2 The results of the first three months ended at 31 March 2016 were recalculated in connection with completion of the recognition of the company consolidations of Co.Mark (on 24 March 2016), Datafin and Eco-Mind App Factory (purchased at year-end 2015).

Non-recurring personnel costs recorded in the First Quarter of 2017 refer to the extraordinary compensation paid to the outgoing managing director of Assicom related to the exercise of the call option on minorities.

The table with the detailed income statement of First Quarter 2017 (including non-recurring components and the amortisation of intangible assets that emerged at the time of Purchase Price Allocations related to the acquisitions undertaken) compared with First Quarter 2016 follows:

Consolidated Income Statement
(in thousands of euros)
1st
Quarter
2017
% 1st
Quarter
2016
% Change Change %
Revenues 40,921 100% 32,102 100% 8,819 27.5%
Total Operating Costs 32,361 79.1% 26,105 81.3% 6,255 24.0%
Raw material costs 2,114 5.2% 1,346 4.2% 768 57.1%
Service costs 15,802 38.6% 14,516 45.2% 1,285 8.9%
Personnel costs 13,989 34.2% 9,927 30.9% 4,062 40.9%
Other operating costs 455 1.11% 316 1.0% 139 44.1%
EBITDA 8,561 20.9% 5,997 18.7% 2,564 42.8%
Depreciation, amortization,
impairment losses and accruals to
provisions
2,509 6.1% 1,749 5.4% 761 43.5%
EBIT 6,051 14.8% 4,248 13.2% 1,803 42.5%
Financial income 47 0.1% 5 0.0% 42 840.3%
Financial charges 514 1.3% 295 0.9% 219 74.2%
Share of profit of equity-accounted
participations
2 0.0% -38 -0.1% 40 -106.5%
Income taxes 1,932 4.7% 1,748 5.4% 184 10.5%
Net profit 3,655 8.9% 2,173 6.8% 1,482 68.2%

Revenues increased by €8,819 thousand (27.5%), from €32,102 thousand of the First Quarter of 2016 to €40,921 thousand of the First Quarter of 2017. The increase recorded reflected the revenues contributed in Q1 2017 by the Co.Mark (€4,662 thousand) and Visura (€5,073 thousand) Groups, whose economic results were included in Tecnoinvestimenti's Consolidated Financial Statements starting from 1 April 2016 and 1 July 2016, respectively.
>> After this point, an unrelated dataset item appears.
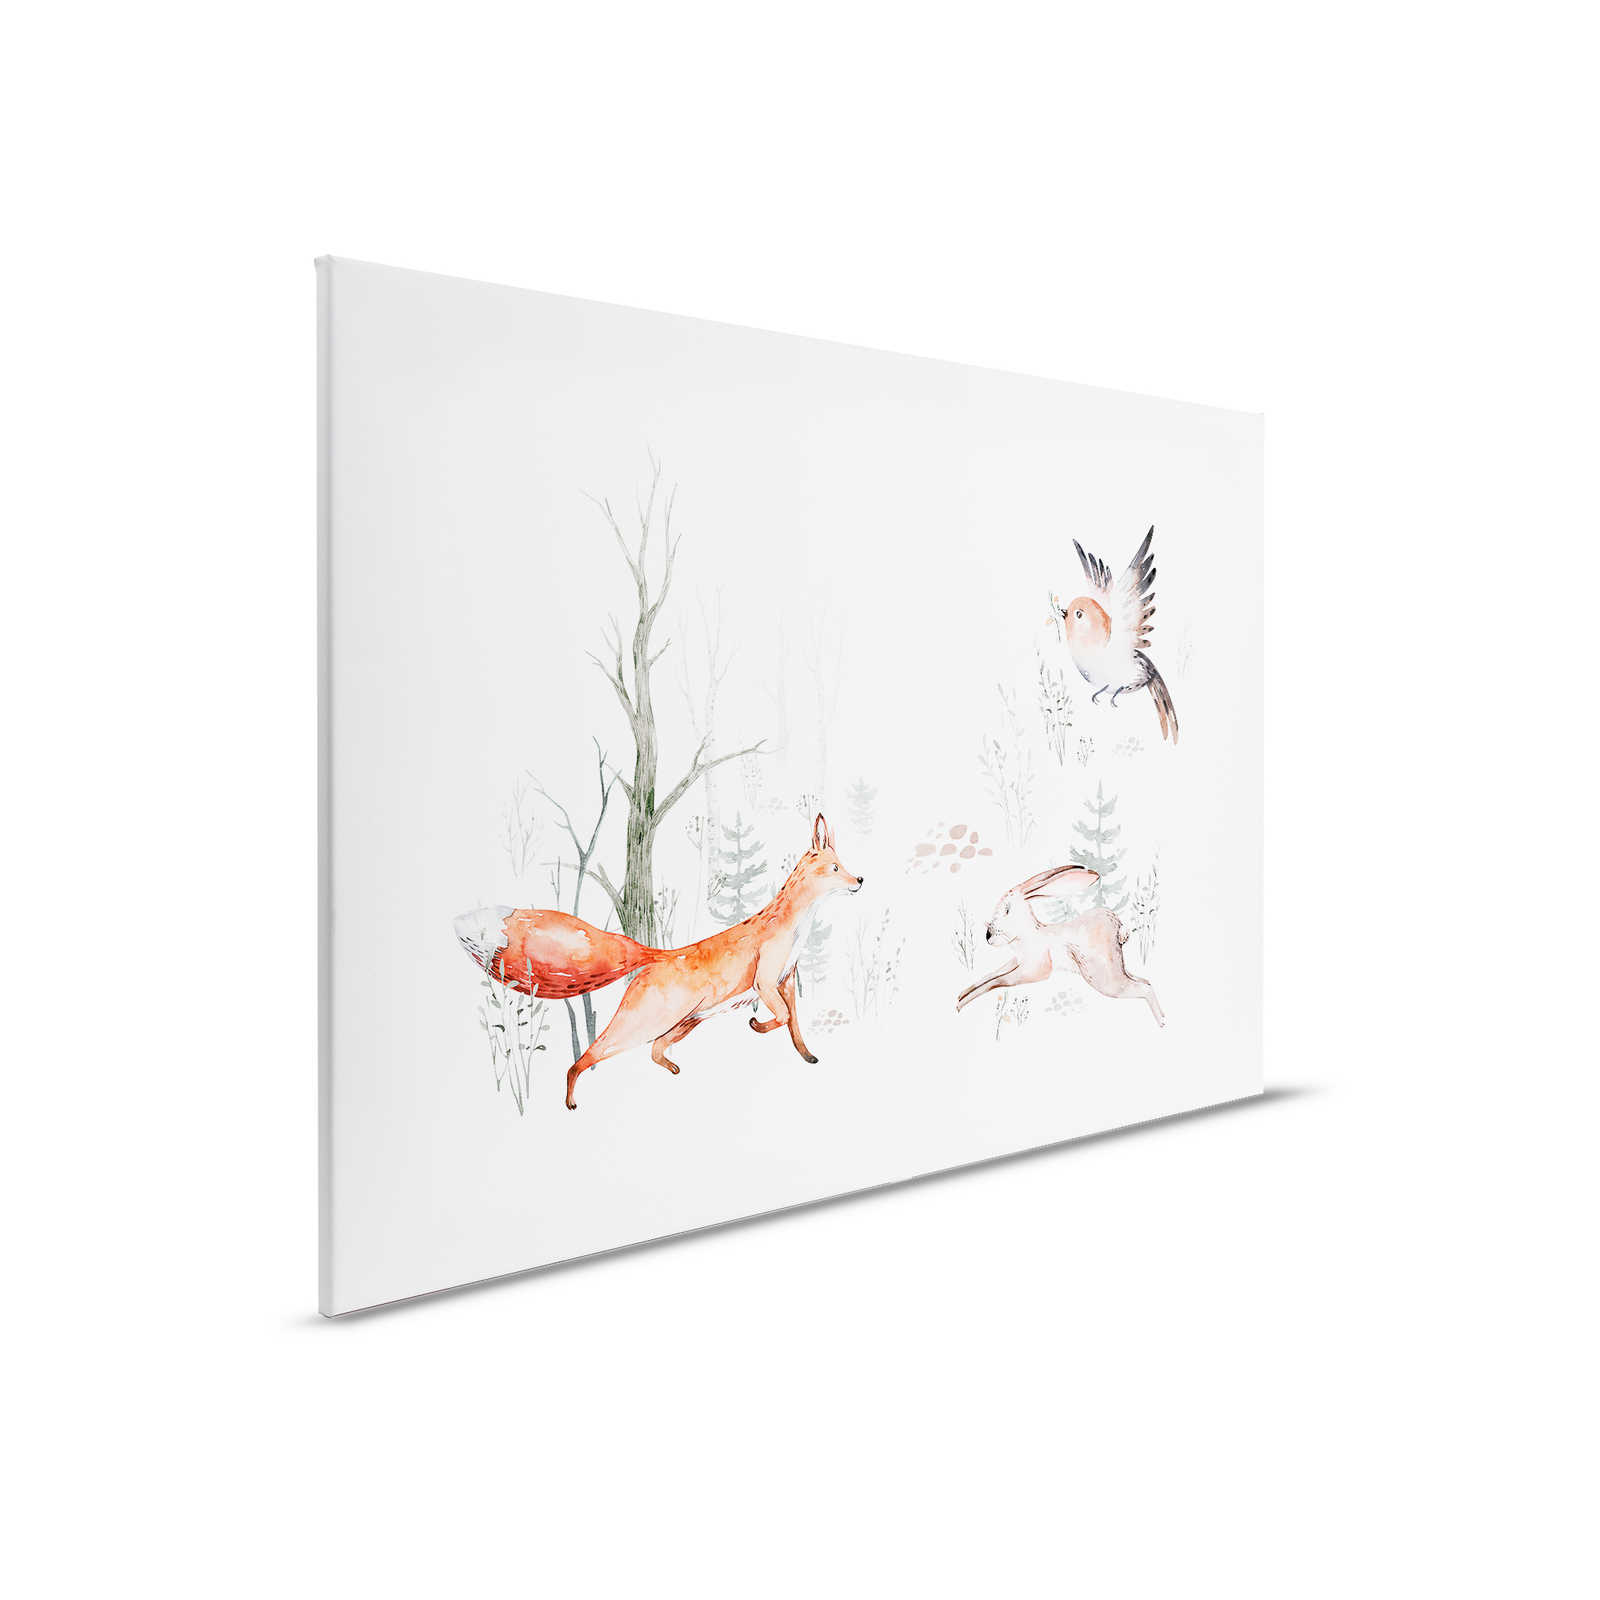 Leinwandbild mit Tieren im Wald fürs Kinderzimmer – 0,90 m x 0,60 m

Operating costs went up mainly due to the consolidation described above in the First Quarter of 2017 of the Co.Mark and Visura Groups. However, operating costs as a percentage of revenues were more than 2 percentage points lower than in First Quarter of 2016, with positive effects on EBITDA, which equalled 20.9% compared to 18.7%, recorded in First Quarter of 2016.

The item Depreciation, amortization, impairment losses and accruals to provisions, which totalled €2,509 thousand (€1,749 thousand in Q12016) comprises €753 thousand for amortisation of intangible assets that emerged during Purchase Price Allocation (€362 thousand in Q1 2016), chiefly relating to the Assicom, Co.Mark and Ribes Groups.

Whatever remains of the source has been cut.